Oh, and our large arsenal of tactical nuclear weapons. Those help too.
A Whiff Of Accomplishment
James made the best-smelling paintings.
No, not selling. Smelling.
He’d go to the beach and paint abstract waves and moonlit skies with tempera and plaster.
The mixture would capture the scent of the sand and the salty air, and if you closed your eyes and breathed in deep, you’d feel that spring Corpus Christi day.
His dream was to open his own restaurant, his paintings on the wall.
And he did. The opening was last month.
He made it.
And died last night of a heart attack.
A whiff, a touch of accomplishment, and your dreams is all you get.
The Water Marshal
It never rains in The Burning Lands.
But in case it ever does, the citizens must be prepared.
Young salamanders and firedrake students laugh and play as they are shepherded from their classrooms into the gymnasium.
An iron tank covered with warning symbols sits in the middle of the room.
Water: The most dreaded and feared substance in The Burning Lands.
Students hiss with fear as The Water Marshal turns a knob, and an ordinary flame is…
Extinguished! Dowsed!
What magic is this?
Screams.
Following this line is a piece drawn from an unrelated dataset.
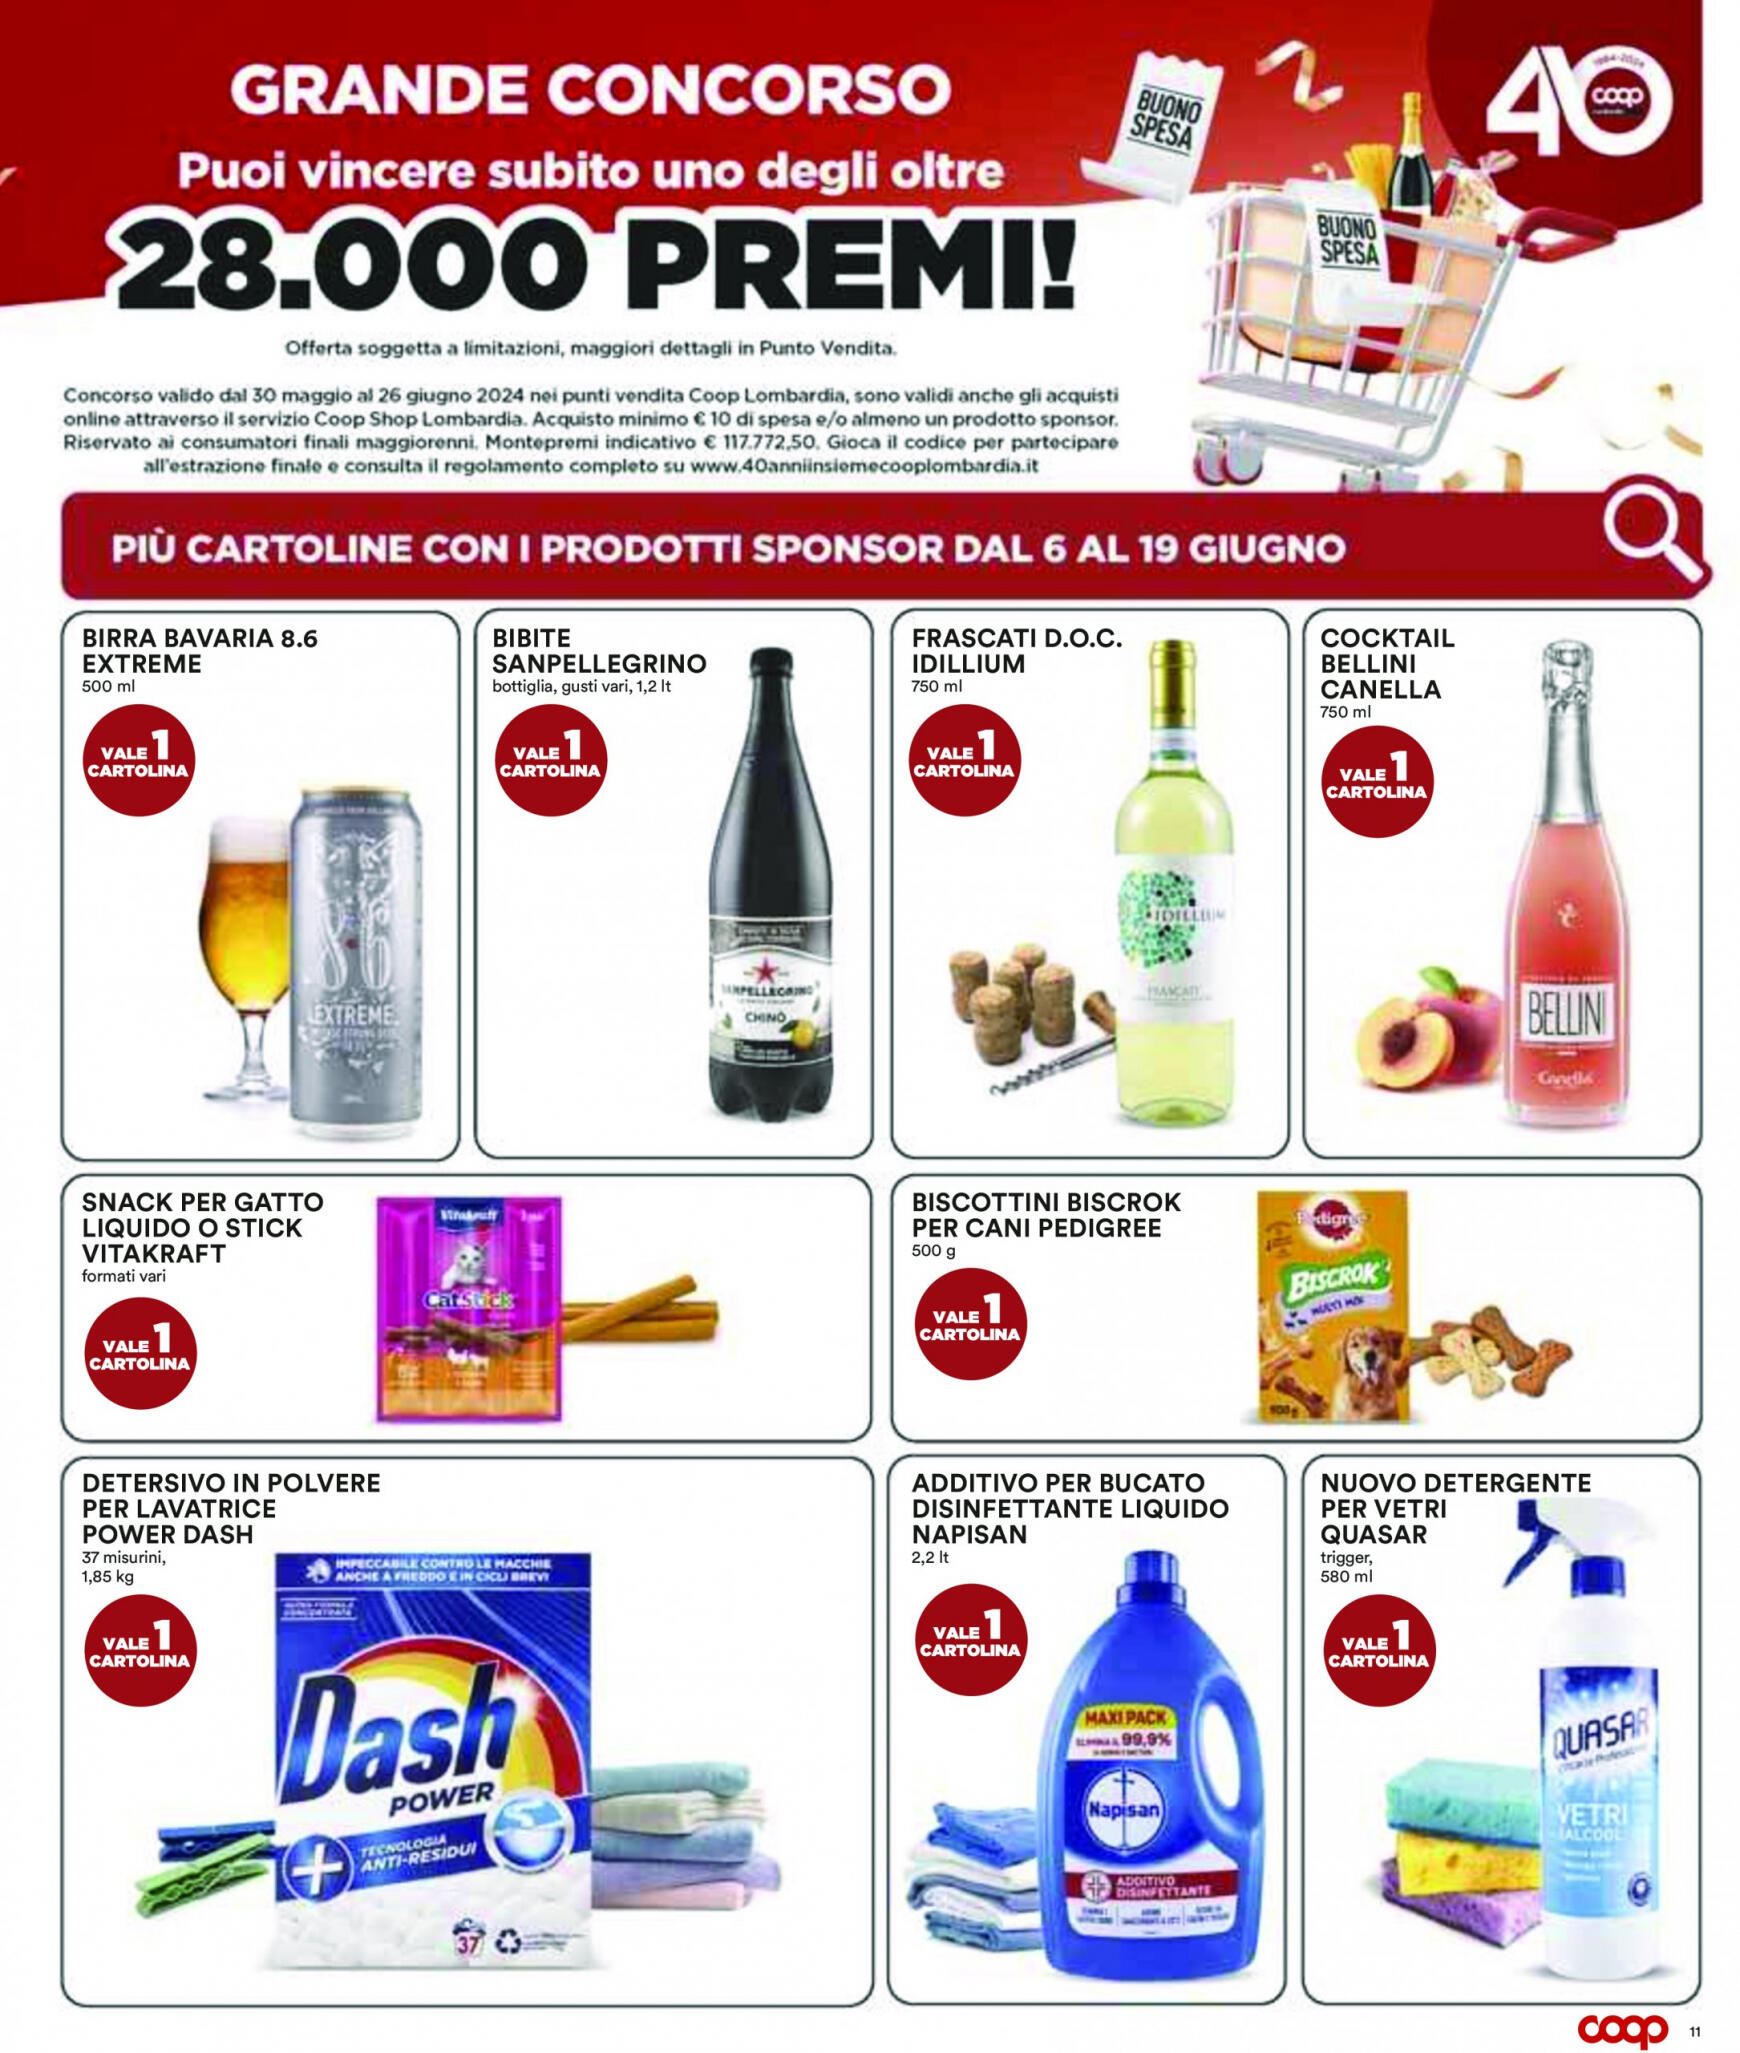 coop - Nuovo volantino Coop 10.06. - 19.06. - page: 11

Shouts.
The Water Marshal demands order.
Then, together, they shout the Water Drill:
“SMITE! IGNITE! ALIGHT!
The Spies
The final test for spy training is passing a test conducted in one of our own cities.
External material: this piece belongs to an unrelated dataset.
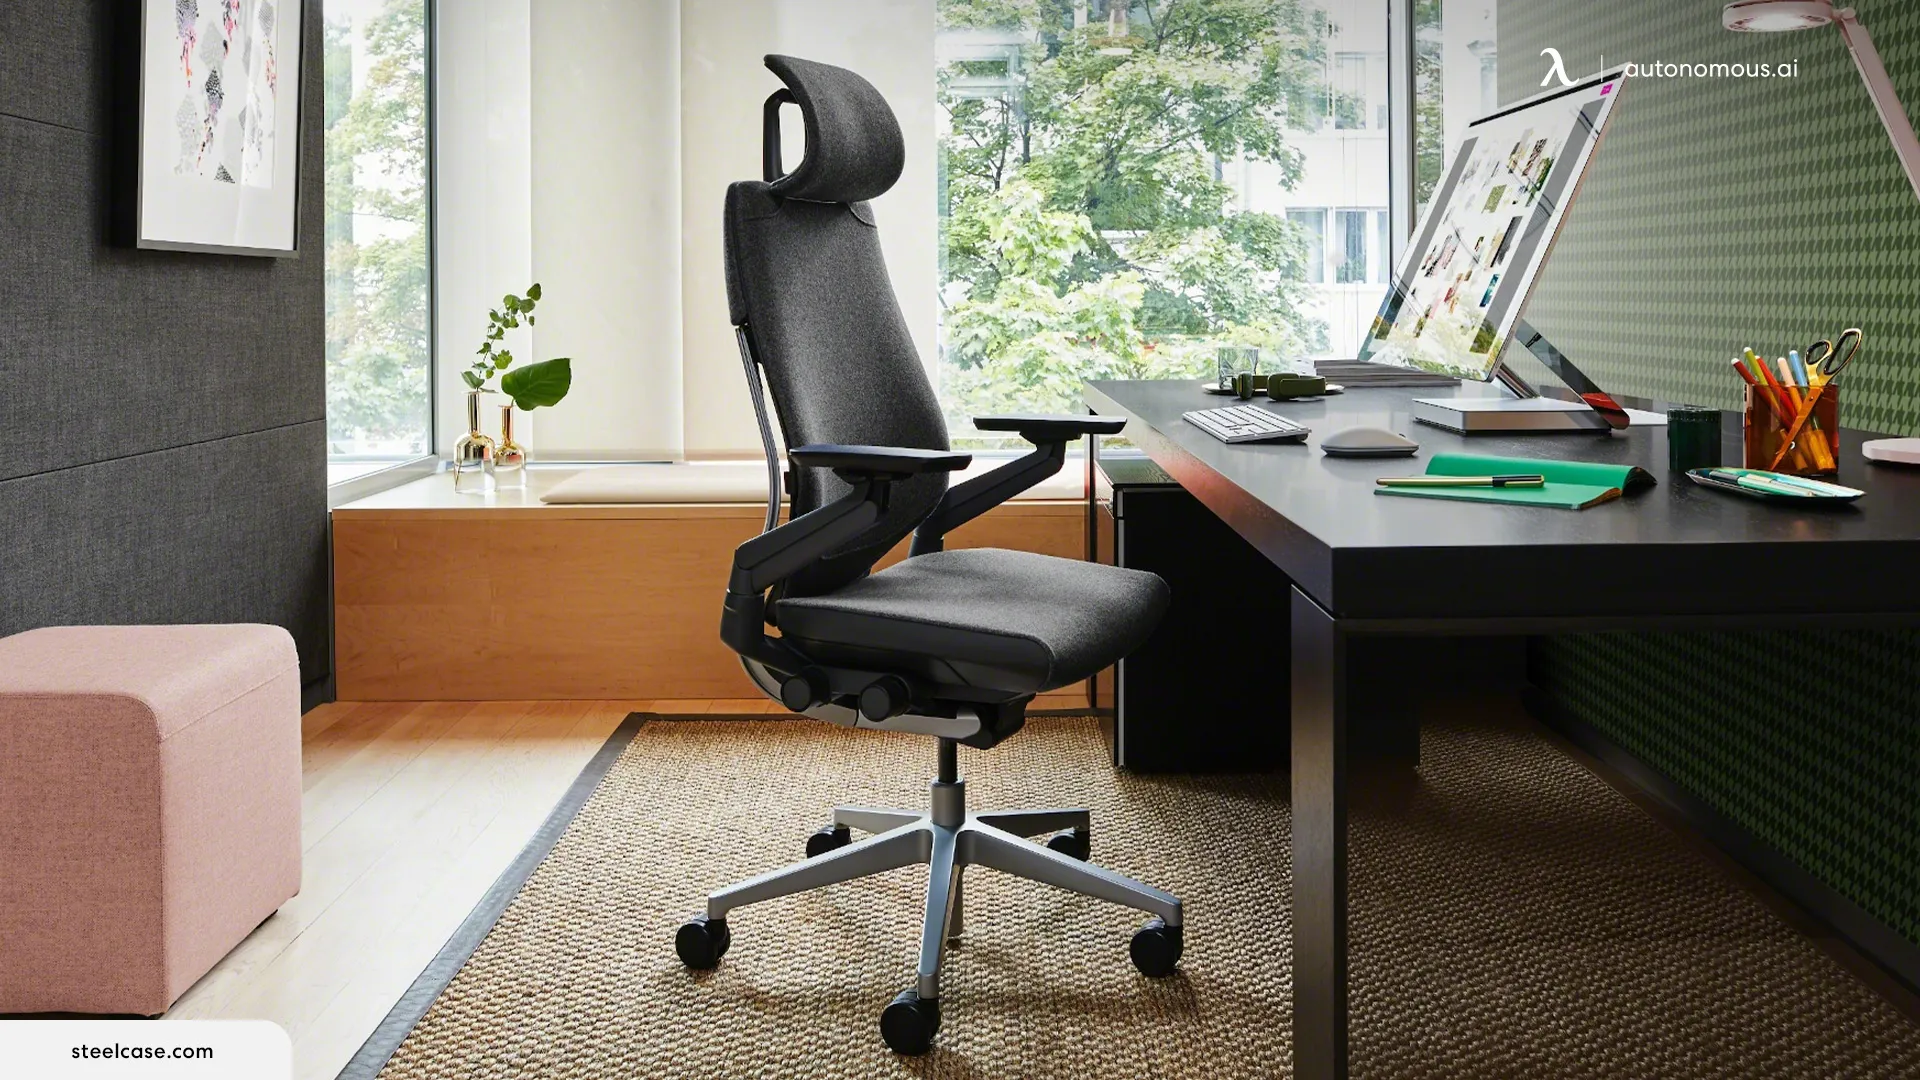 Steelcase Survey: Most Office Workers in Pain Due to Office Chairs

However, due to printing mistake, the trainees were given mission parameters meant to go to a counter-insurgency team in Syria.
A rash of political assassinations struck Memphis, and the agency tried to pull their trainees out before they did more damage.
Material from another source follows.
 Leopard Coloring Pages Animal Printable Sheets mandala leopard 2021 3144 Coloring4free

The orders state “NO EXTRACTIONS UNDER ANY CIRCUMSTANCES.”
And the students killed the teachers sent to collect them.
If there’s a bright side to this, Memphis’ local government runs much better now. No corruption at all.
But Syria? Yeah, they’re still fucked.
Day
Jimmy’s a really annoying guy.
How annoying?
Well, he calls Thanksgiving “Turkey Day.”
And calls birthdays “Cake Days.”
And Easter ends up “Bunny Day.”
“Shouldn’t that be Candy Day or Basket Day?” I ask him.
“No, because people confuse that with Halloween.”
Which he doesn’t call “Candy Day” or “Basket Day.”
He calls Halloween “Pumpkin Day.”
When his mother died, I asked him if he called it “Casket Day.”
He looked me in absolute horror. “Oh my God no! How could you say such a thing?”
“I’m sorry for being so insensitive,” I said. “I guess you had her cremated.”
Not A Prophet
The press says that God talks to Jimmy, but that’s nonsense.
Jimmy can hear God talking, but he’s only overhearing what God is saying.
According to Jimmy, it’s a constant stream of mathematics. At first, Jimmy tried to copy it down, but he didn’t know mathematical notation.
Until the researchers taught him how.
Formula after formula, solution after solution. His notebooks contain tangled nightmares that Bertrand Russell and Einstein couldn’t have comprehended.
I watch him write, then erase what he wrote, write again.
Jimmy laughed. “God stutters.”
The lightning was quick; a charred desk and ashes were all that remained.
The Judges Demand
The fear holds me tight.
The judge demands an answer, but I have none.
I take the Swiss Army Tool from my pocket, flick out the sharpest blade, and draw it cross my left palm.
It doesn’t take long for enough blood to well up, and I quickly draw a circle around my feet.
“O Great Ancestors!” I shout. “Guide me through this moment of peril!”
The dust begins to swirl… the lights grow dark… a rumbling from the skies…
“DISQUALIFIED!” shouts the judge.
The dust settles, the lights come back up.
“Next contestant: Zymurgy.”
And they spell it right.
The great heaving gust
I like to flavor my iced tea with freshly-squeezed lemon.
Usually, I squeeze the lemons with a tool that catches the seeds, but sometimes I’m in a rush and squeeze them by hand, dropping the seeds into my tea.
This usually isn’t a problem. But when I drink my tea with a straw, sometimes the seeds get caught in the straw, and I have to work them out from the straw with a series of squeezes.
Or, with a great gust of breath, I can shoot the seed across the room and out the sliding glass door to the patio.